The only notes I would add would be a general slam against the somnolent (but hard working! never forget that!) faculty. I’d also include a plan to move forward–one that doesn’t piggyback on one of the Usual Bloviators.

Over at Antiochians.org, a poster says that at reunion “an alumna told me the C.I.A. had engineered the 1973 strike.” The poster doubts this, but many other people have no doubt about it at all.

One thing that keeps this idea out there is the Church Commission report. (A complete copy of it is available here; a searchable text of parts of it is here. )

So far as I can tell, there are only two references to Antioch in the entire text, both of them exactly the same. (In my book that actually makes one reference, but I’m being generous.) They appear in the opening section of Part D of Book II and in Part I.B.2 of Book III in a sentence that reads in part:

New Left targets ranged from the SDS to the InterUniversity Committee for Debate on Foreign Policy, from Antioch College (‘vanguard of the New Left’) to the New Mexico Free University and other ‘alternate’ schools.

So Antioch was just a small part of what interested them. What’s important is what COINTELPRO did at Antioch. Here’s an example of the kind of take-no-prisoners directions the FBI gave its agents:

Consider the use of cartoons, photographs, and anonymous letters which will have the effect of ridiculing the New Left.

(The memorandum that describes the recommended disruption techniques begins here and goes on for the next five pages.)

The Church Committee also notes that COINTELPRO was “officially terminated ‘for security reasons’ on April 27, 1971″; the report then explains that the Committee’s investigation had found only three instances of COINTELPRO activity continuing beyond that date.

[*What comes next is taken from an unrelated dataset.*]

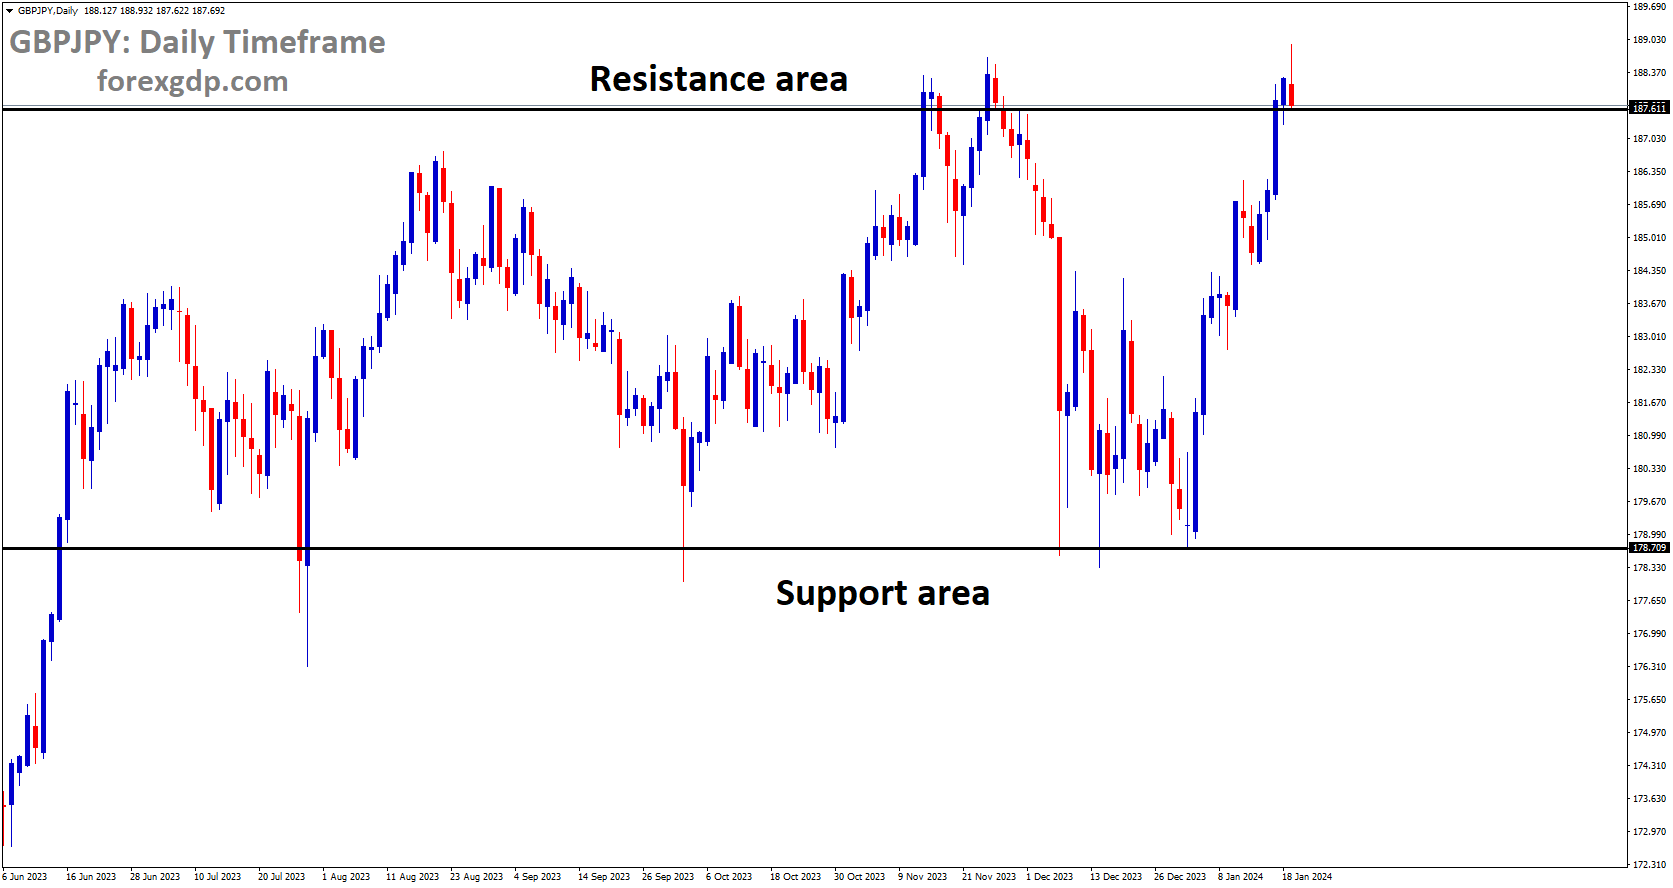 GBPJPY is moving in box pattern and market has reached resistance area of the pattern

So all the report can be said to claim in relation to Antioch is that COINTELPRO, in the late 1960s, applied some disruptive techniques among groups considered to be in the extremely ill-defined category of the New Left and that these techniques were aimed at suppressing First Amendment rights. A damning enough claim, certainly, but not one that in any way suggests that COINTELPRO was behind the strike–which in any case happened about two years after COINTELPRO closed up shop.

Until I see more concrete information to the contrary, I’m considering this bit about the FBI and the ‘73 strike nothing more than a rumor.

Dear X:

When I was in seventh grade, I began experimenting with stroking my chin. I soon realized that most people can’t tell the difference between a posture of reasonableness and the actual ability to reason.

One day I fed my goldfish to Cookie Monster. He was made of synthetic fabric and didn’t even absorb the liquid.

[Philosophy Professor Guy]
Antioch College

In my first post, I called this “a forum.” That brought to mind this oily comment from Bob “I helped drive the College to its doom” Devine:

Does anyone recall that in the late 80s and through the 90s that the regular Friday Forum brought together a wide diversity of speakers and perspectives in a format of moderated respectful dialogue. Those fora were attended by…

I remember the Friday Forums: a milquetoasty nonevent where a few stragglers sat around watching People Who Had Opinions hold forth on what the Sunday New York Times told us were the most important issues of the day. Luckily, the Times also helped with the guest list by defining what the various “sides” of “the” debate were.

To this day I can’t figure out how people have convinced themselves that bringing together any two yoyos who disagree is the same as the blinking Phaedrus.

Really, the only thing worse than the Friday Forums is watching Bob Devine nod sententiously while pretending the plural of “forum” is “fora”–which it is, if you’re talking about ancient Greek marketplaces.